The memory of stepping into the enchanted society, feeling like I somehow walked through a wall or shield, comes to mind. I did disappear and Asher wouldn’t have found me unless he was brought here just like I was.
“I checked the Burrow, the cave, I even discreetly watched your camp for any sign of you. It was like the beautiful girl that constantly glared and watched me every day through the compound window never existed at all.”
His arms tighten around me a bit more, hugging me to his chest.
“We hid in the mountains for months. That’s where we removed his tracking device and chip.” Where Gabriel lost his hand. In a place made of the only material strong enough to truly harm a hybrid.
Sorting through all of his information, I’m surprised they didn’t run right into Luca during their searches for me.
“You’ve been in Pike’s Peak this entire time?”
I feel him nod against my hair. He rests his head against my own.
They’ve been hiding in a mountain range that literally has their names on it—Pike’s Peak—The Red Hills. All this time Luca’s searched for him and he’s been less than a day’s hike away, living in the shadows of monsters. That’s how he found me—found Luca I should say. The vampires helped him…
We’re both quiet for a while. The strong thrum of his heartbeat against my back fills my chest with peace and his body, wrapped neatly around mine, kee
ps me warm against the light breeze. The fan of his breath against my neck is a constant reminder that he’s all around me. Finally. After all this time.
I swallow the lump in my throat and water fills my eyes, threatening to spill over.
“I never stopped searching for you, despite my fears that there would be nothing to find,” he says against my messy hair.
His hands loosen comfortably around me and quiet tears slip down my cheeks at the thought of how many nights have passed without him holding me.
We lie in silence, his thumb brushing back and forth against my hip, the only sign that he’s still awake. The bright stars that I’ve poured my heart out to night after night are shining down on us. Two friends lost, then found.
Friends.

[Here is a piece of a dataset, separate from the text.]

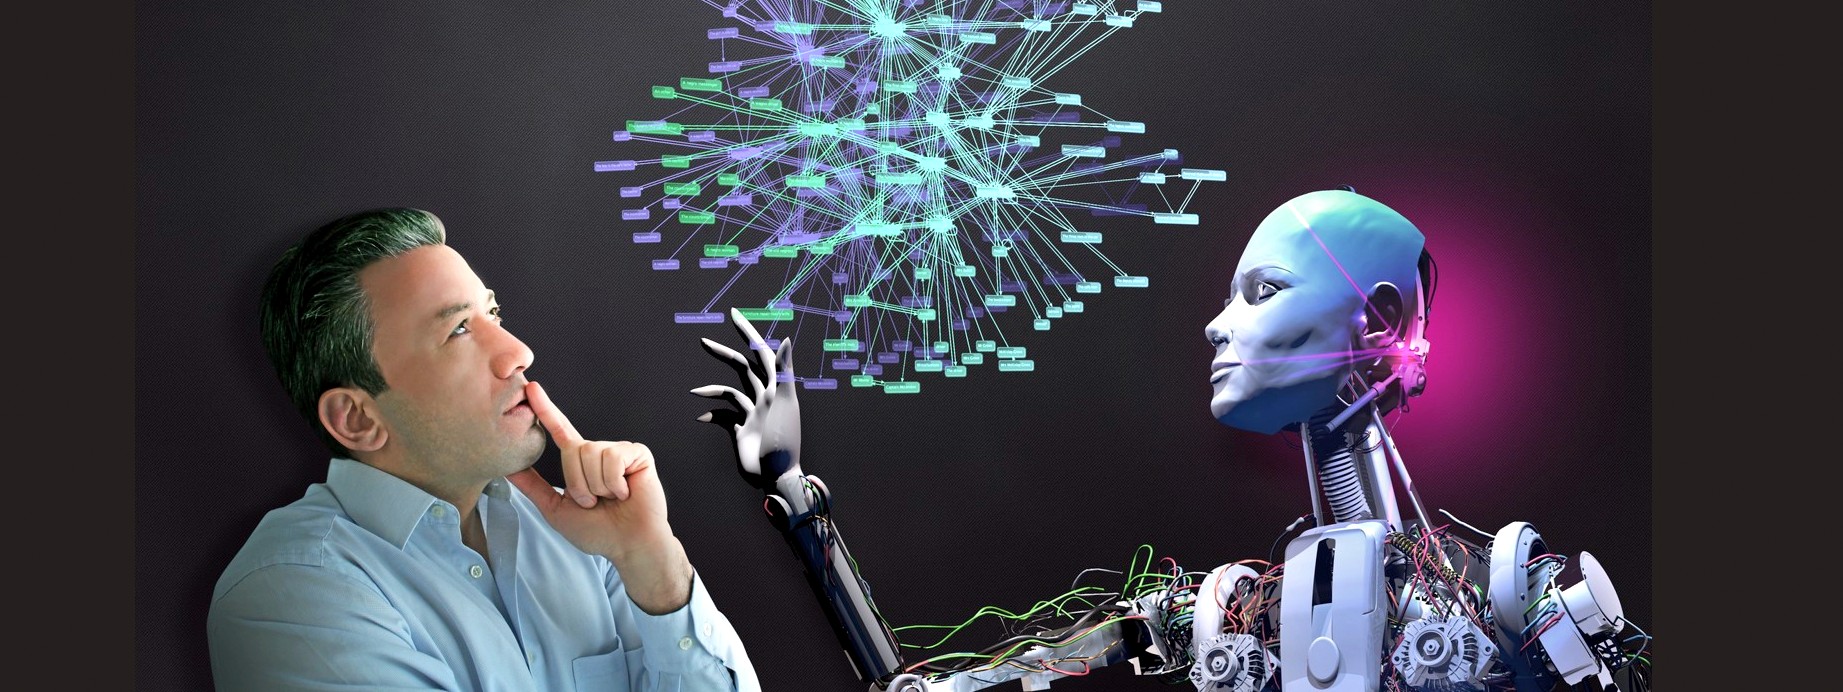 Intelligenza Artificiale e pensiero umano a confronto

Is that what we still are? So much time has passed, yet lying in his arms feels as natural as breathing. So much has changed but this hasn’t. We haven’t felt like friends the last couple of days. I guess that’s my own fault. I should tell Raske the truth. Kaino would be relieved.
I just can’t lose Asher again. Even if I am ruining the future for other people, the people here, people like my camp family, people like Ayden. People who are forced into unions and solitude and jobs and lives they don’t want. Is my own happiness not equal to theirs? My mother gave her life to see me happy. Could I be happy with Kaino? As happy as I am right now just lying next to this beautiful and broken hybrid?
“I should go,” Asher says slowly but doesn’t release me from his arms.
It’s like he can sense my worry. My anxiety over something that is actually an easy choice for me.
“You should stay,” I whisper back to him, keeping my eyes closed, my mind dancing between reality and sleep.
His chest heaves against my spine and he nestles his head closer to my neck. “Always so quietly confident,” he says, his lips brushing my neck with every word, making my heart pound with the tiny wisps of air.
A smile forms against my lips at how easily persuaded he is.